29.05.2019

Gestalten

Nichts wie Fjord

Foto: Lundhs/Morten Rakke

Eine besondere Kollektion an Küchenaccessoires aus einem ganz besonderen Stein – Larvikit aus Norwegen – haben wir hier bereits vor einiger Zeit vorgestellt. Die Familie Lundh widmet sich seit Generationen dem Abbau und der Weiterverarbeitung des hochwertigen Tiefengesteins. STEIN begleitet den Larvikit bei seiner Reise vom Steinbruch südsüdwestlich von Oslo bis zur fertigen Küche in Deutschland. 

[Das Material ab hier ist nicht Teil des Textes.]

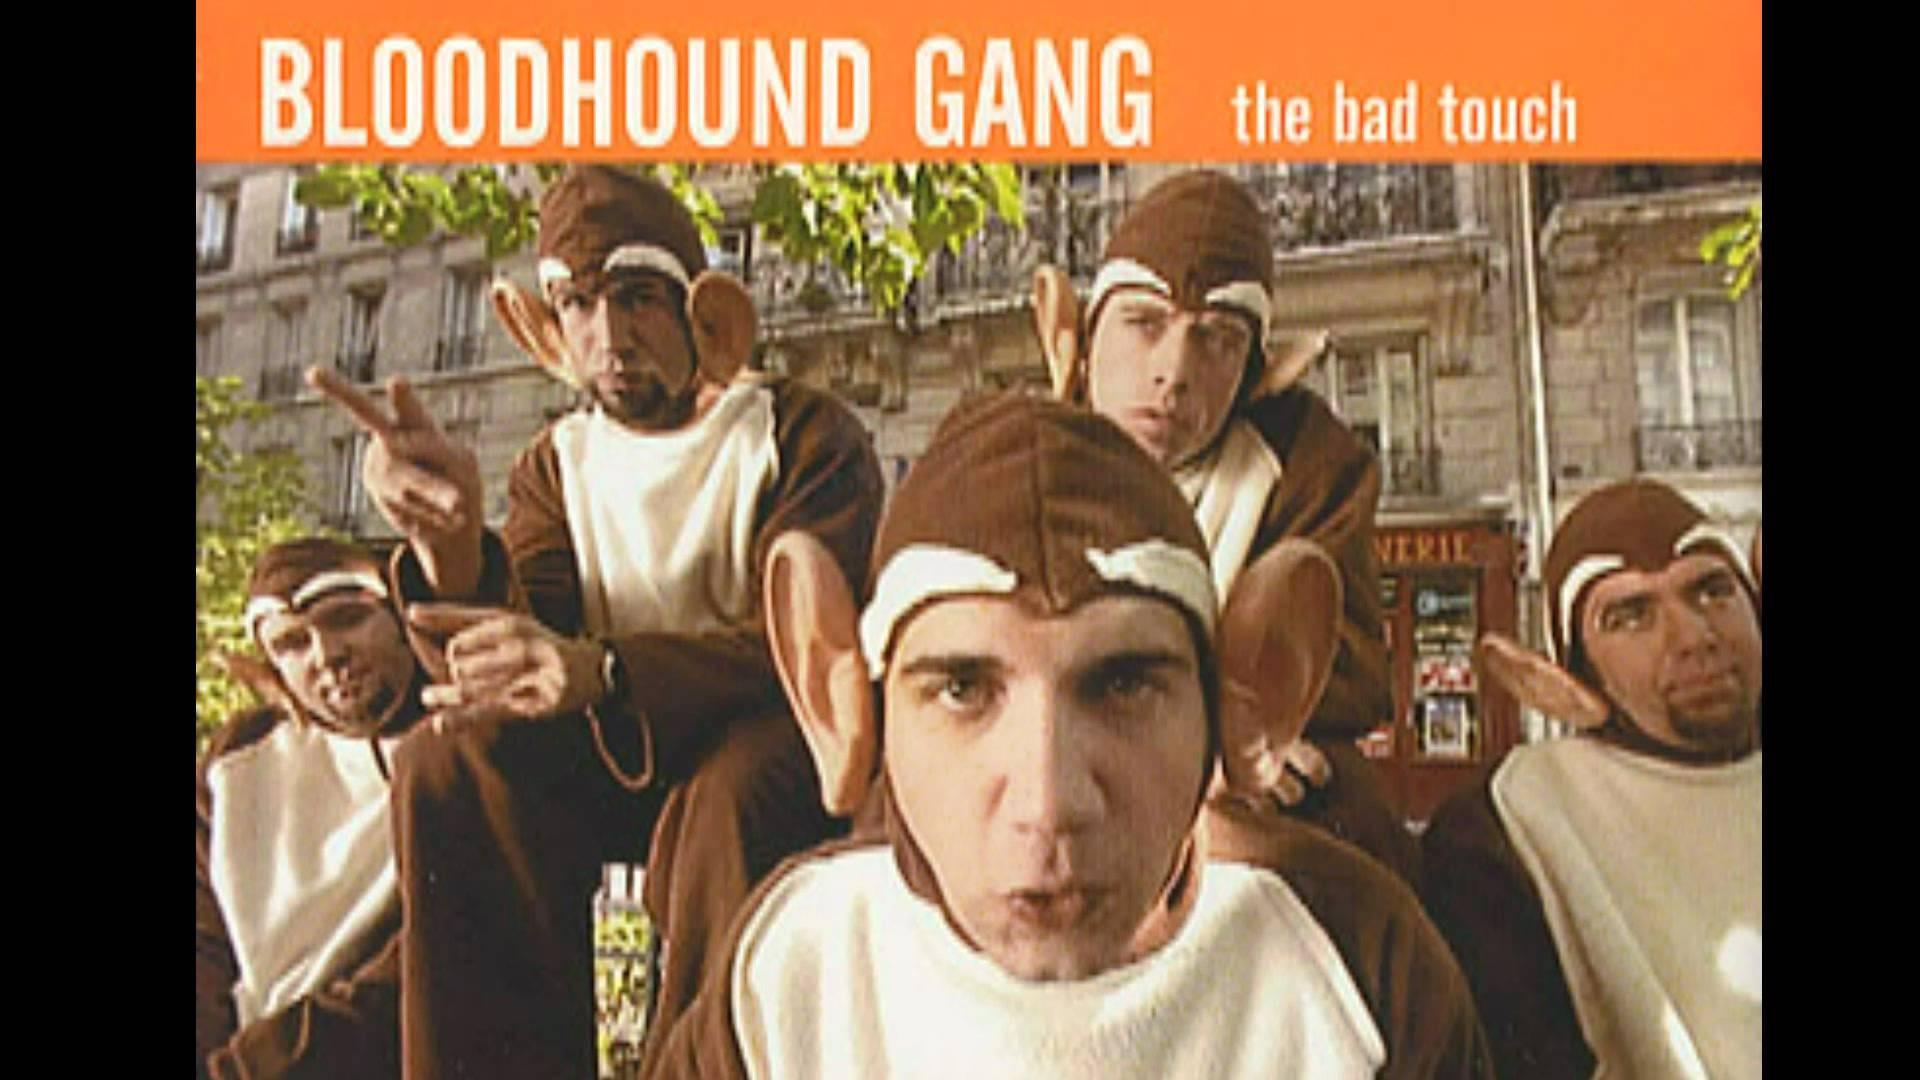 gang Bloodhound fuck

Angefangen hat alles vor 300 Millionen Jahren, dort, wo heute Larvik liegt, mit dem Larvikit. Magma, die nicht an die Erdoberfläche vordringen konnte, erkaltete unter immensem Druck – wofür sie acht Millionen Jahre brauchte. Das Ergebnis bauen die ortsansässigen Lundhs immerhin seit mehr als 100 Jahren ab: 1962 machte sich Thor Lundh schließlich selbstständig, den Familienbetrieb gibt es heute in dritter Generation. „Wir stehen ganz am Anfang der Wertschöpfungskette“, erklärt Thor-Anders Lundh Håkestad stolz. Er ist Enkel des Firmengründers und heutiger Geschäftsführer von Lundhs, mit vierzehn Brüchen einer der größten Naturstein gewinnenden Betriebe Norwegens. Und es gibt eine handvoll Dinge, die ihm sehr wichtig sind im Geschäft mit dem Werkstoff: „Transparenz, Qualität, ökologische Nachhaltigkeit, Markenschutz und ein ehrlicher Umgang mit der Nomenklatur.“ Das Resultat sind zum Beispiel Küchenarbeitsplatten, bei denen der Kunde wie bei einem hochwertigen Nahrungsmittel genau nachvollziehen kann, wo sie herkommen. Angefangen beim Block im Bruch.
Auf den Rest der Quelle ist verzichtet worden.